聊天系统 Chat System
In this article, we will explore the design of chat system including the following points.
- Chat server for real-time messaging
- Support group chat
- Presence servers for online/offline status
- Service discovery supports load balancing.
- Key-value stores for chat history
- Push notification services for sending push notification.
The questions about the scope
- Is the chat app 1 on 1 or group-based?
- Mobile app? Or a web app? Or both?
- What's the scale of the app? A startup app or massive scale?
- Group chat member limit?
- Message length limit?
- Is end-to-end encryption required?
- Should server store message? How long should we store the chat history? Archive?
- Should message reception be real-time?
- Online status?
- Push notification?
- Unread message?
- Message translation?
- Message order?
- Etc
Client-initiated connection techniques
Client initiates HTTP connection to server and send msg to others through servers.
The keep-alive is efficient as it reduces the number of handshakes.
Server-initiated connection techniques
- polling
- long polling
- WebSocket
Polling
Polling is client periodically request servers for the newest messages.
Pros:
- Straightforward. Easy to be implemented
Cons:
- Inefficient. Most of the requests are useless because of no new messages. Consume precious computing resources.
Long Polling
Client holds the long connection open until timeout or new messages coming.
Pros:
- Real-time.
- Reduce the latency to establish connection.
Cons:
- Inefficient. There is no messages most of the time.
- Server can not tell if the client is disconnected.
- Sender and receiver may not connect to the same server.
WebSocket
Websocket is initiated by client. It is bi-directional and persistent.
It starts as a HTTP connection and be upgraded to websocket via some well-defined handshake.
Pros:
- Bi-directional and persistent
- It works even if a firewall is in place because it utilizes port 80 and 443 which are used by HTTP/HTTPS.
Cons:
- Stateful server. Server side needs efficient conenction management.
High Level Design
We can have a high level design consists of the follwing entities.
- Chat servers, it's
stateful
because of the persistent websocket connection. - Presence servers are also
stateful
for presenting the online/offline status. - API servers. Handling everything, including the user, authentication, group management, service discovery, etc.
- Push Notification
- Load Balancing
- KV store
Why chose key-value store for the chat history?
The generic data such as user profile, setting, user friend list are stored in robust and reliable relational databases.
In terms of chat history, it's pattern is a bit different:
- The amount of data is enormous. For example, Whatsapp process 60 billion messages a day.
- Recent chats are accessed frequently.
- Random access to data. Users might use features such as search, view your mentioned, view history, jump to specific messages, etc.
- The read-to-write ratio is about 1:1 on 1 chat systems
Here, we choose key-value store for the following reasons:
- Key-value stores are low latency, high performance.
- Allow easy horizontal scaling.
- Support random search features while relational databases do not handle long tail of data well (random access is expensive) because indexes grows large.

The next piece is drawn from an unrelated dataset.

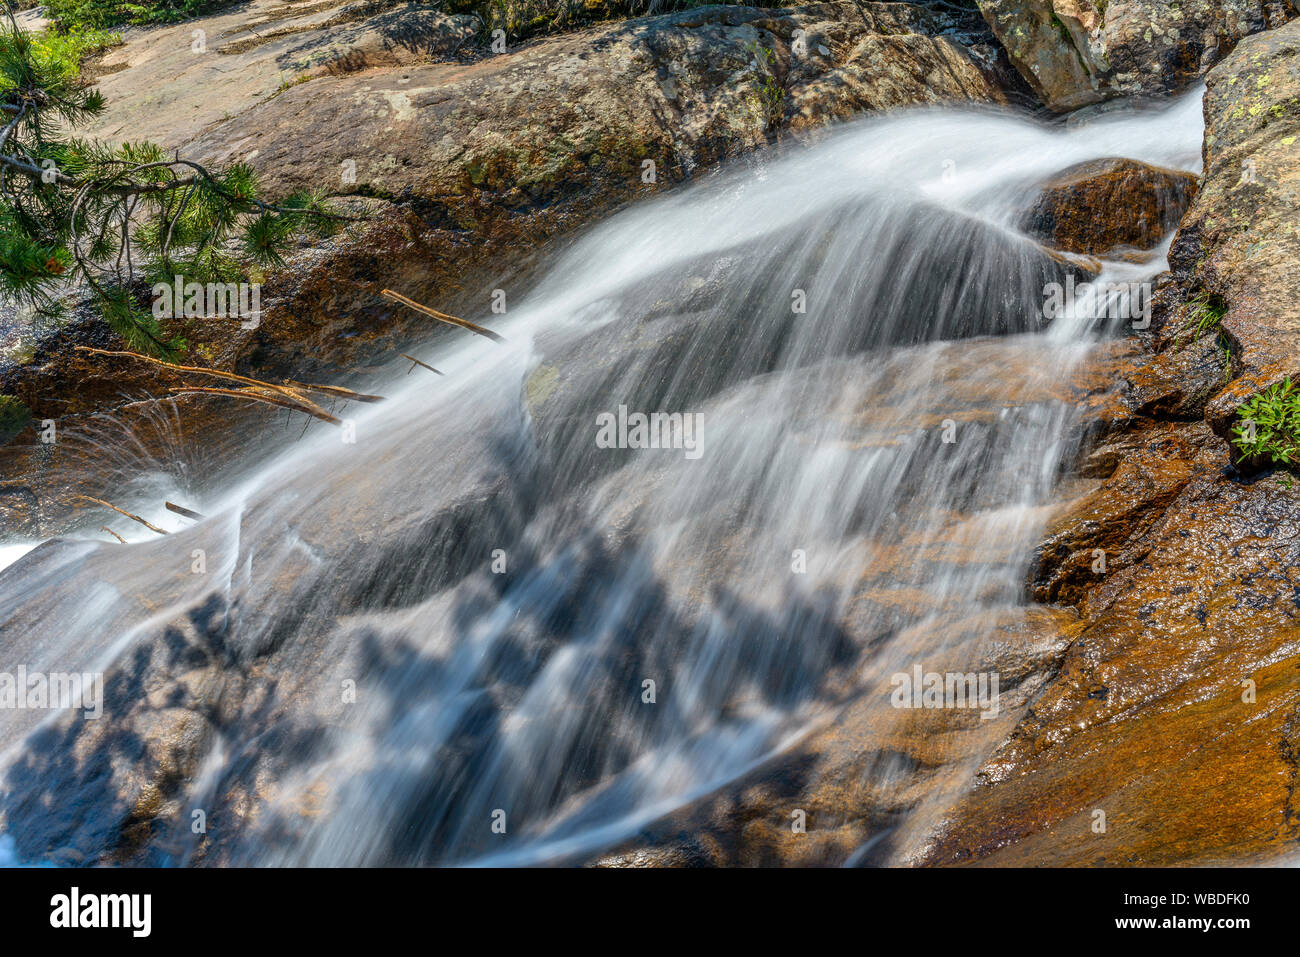 Wasser Schleier - Sommer creek Casting eine dünne Schicht Wasser Schleier über Fels Oberfläche. Fall River, Rocky Mountain National Park, CO, USA. Stockfoto

- It has been adopted by proven reliable chat applications. For example, both Facebook messenger (HBase) and discord (Cassandra) use key-value stores.
Data models
Message table for 1 on 1 chat
The message_id can be used to order messages. We won't use create_time because two messages can be created at the same time.
Message table for group chat
We use the composite primary consists of channel_id and message_id.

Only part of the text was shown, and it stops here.